> **RAW DATA**:
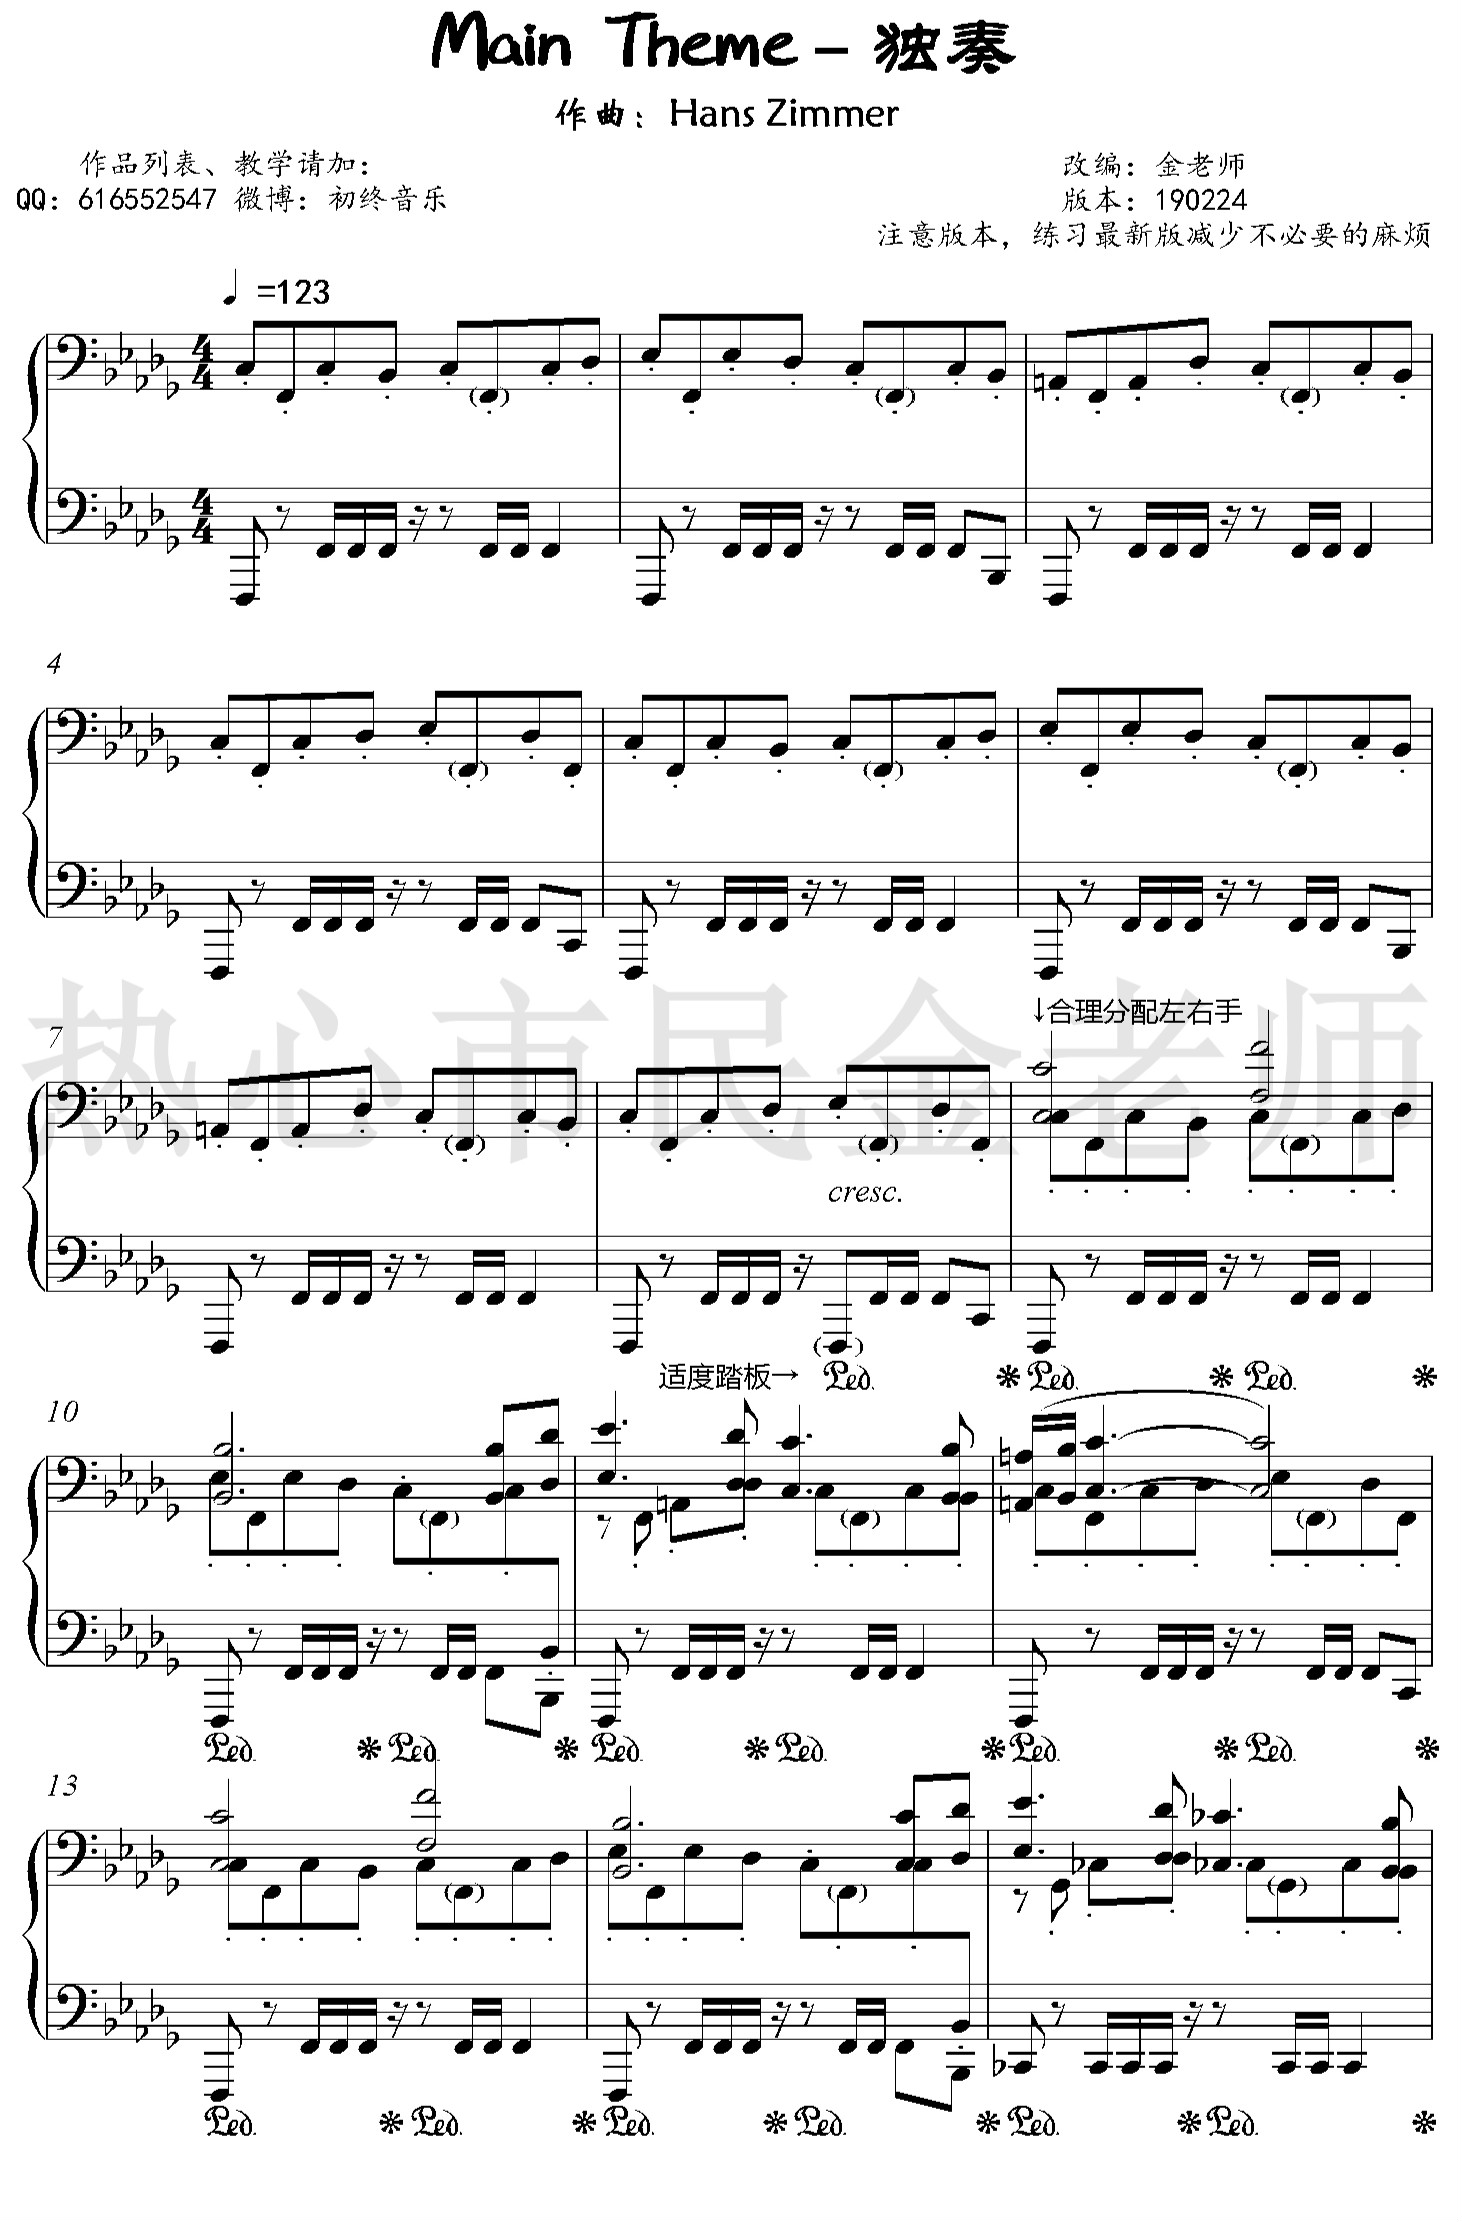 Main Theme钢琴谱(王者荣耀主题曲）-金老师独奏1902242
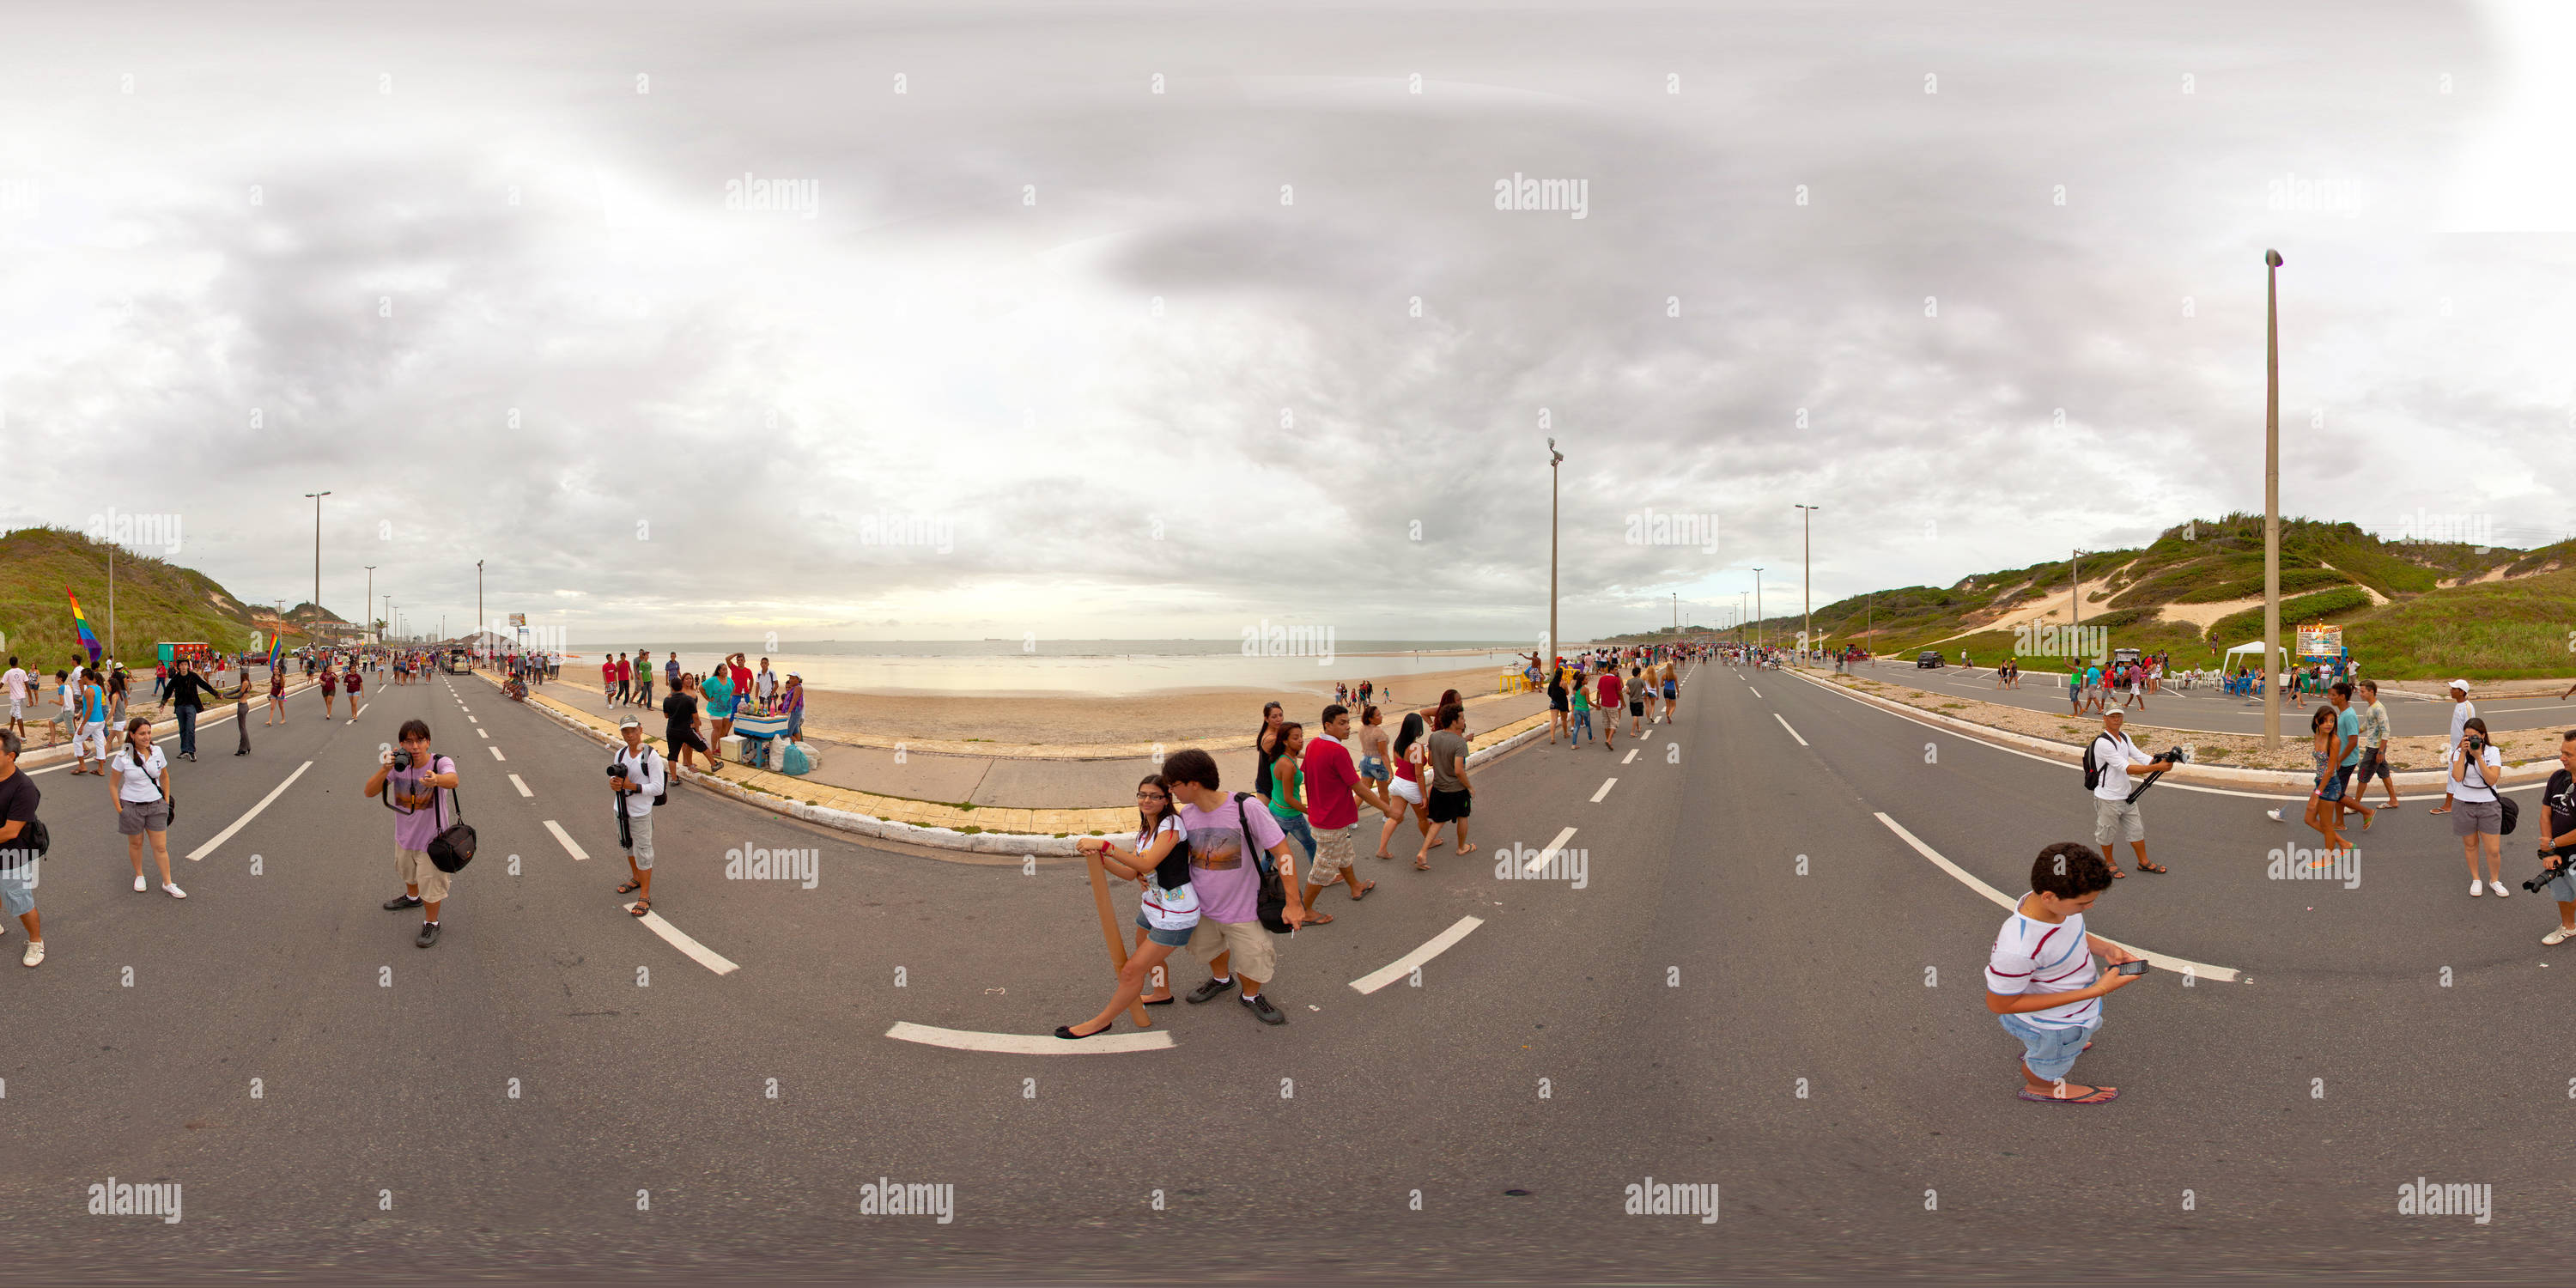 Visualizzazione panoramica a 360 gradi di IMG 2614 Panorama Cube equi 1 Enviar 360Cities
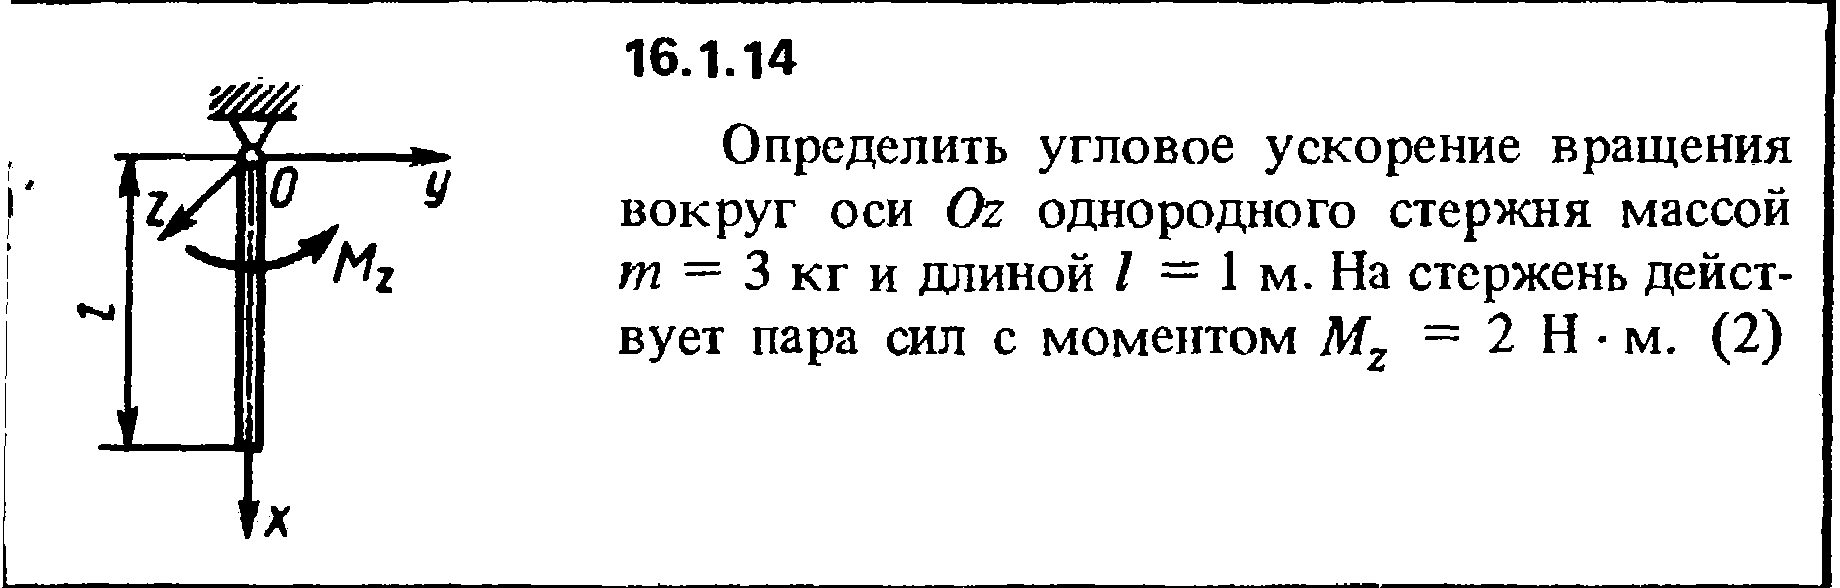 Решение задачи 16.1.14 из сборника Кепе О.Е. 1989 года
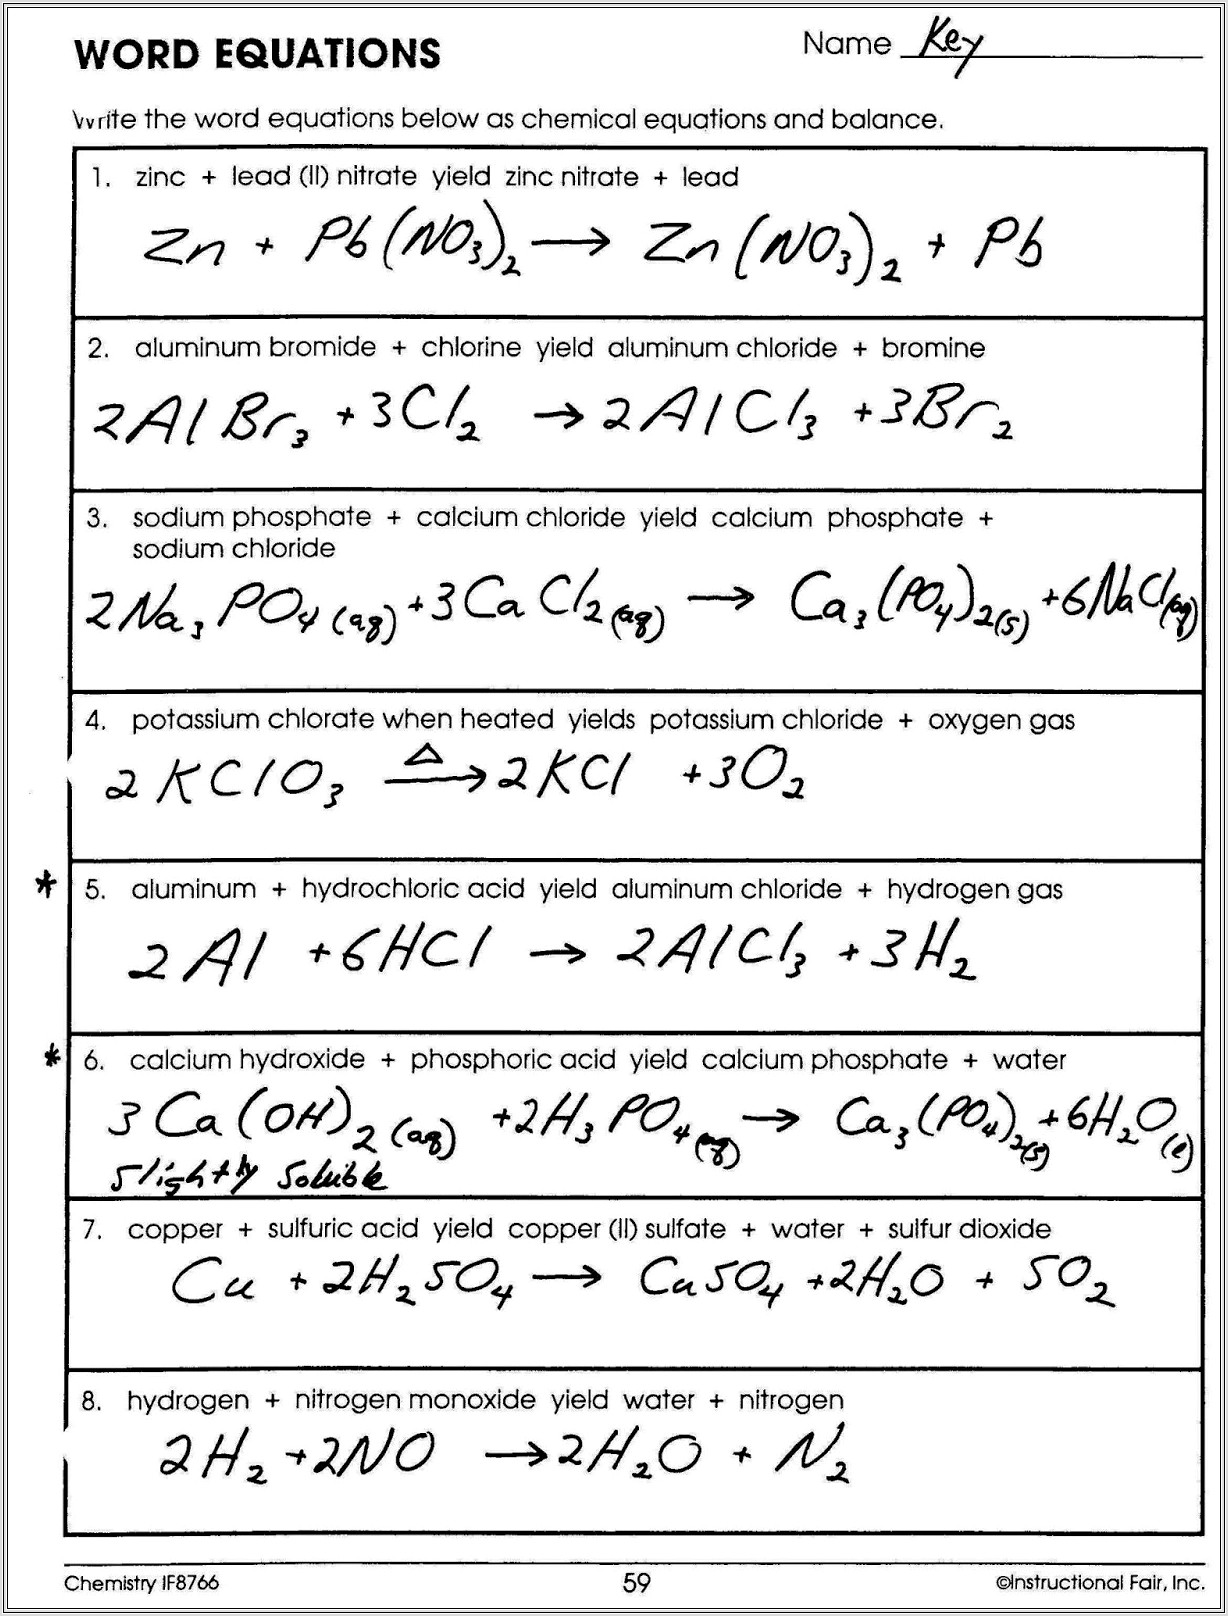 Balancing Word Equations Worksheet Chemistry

> **WHAT IS REQUIRED**: All lines of the listing must be given again exactly, excluding the pictures.

> **FINISHED EXERCISE**:
 Main Theme钢琴谱(王者荣耀主题曲）-金老师独奏1902242
 Visualizzazione panoramica a 360 gradi di IMG 2614 Panorama Cube equi 1 Enviar 360Cities
 Решение задачи 16.1.14 из сборника Кепе О.Е. 1989 года
 Balancing Word Equations Worksheet Chemistry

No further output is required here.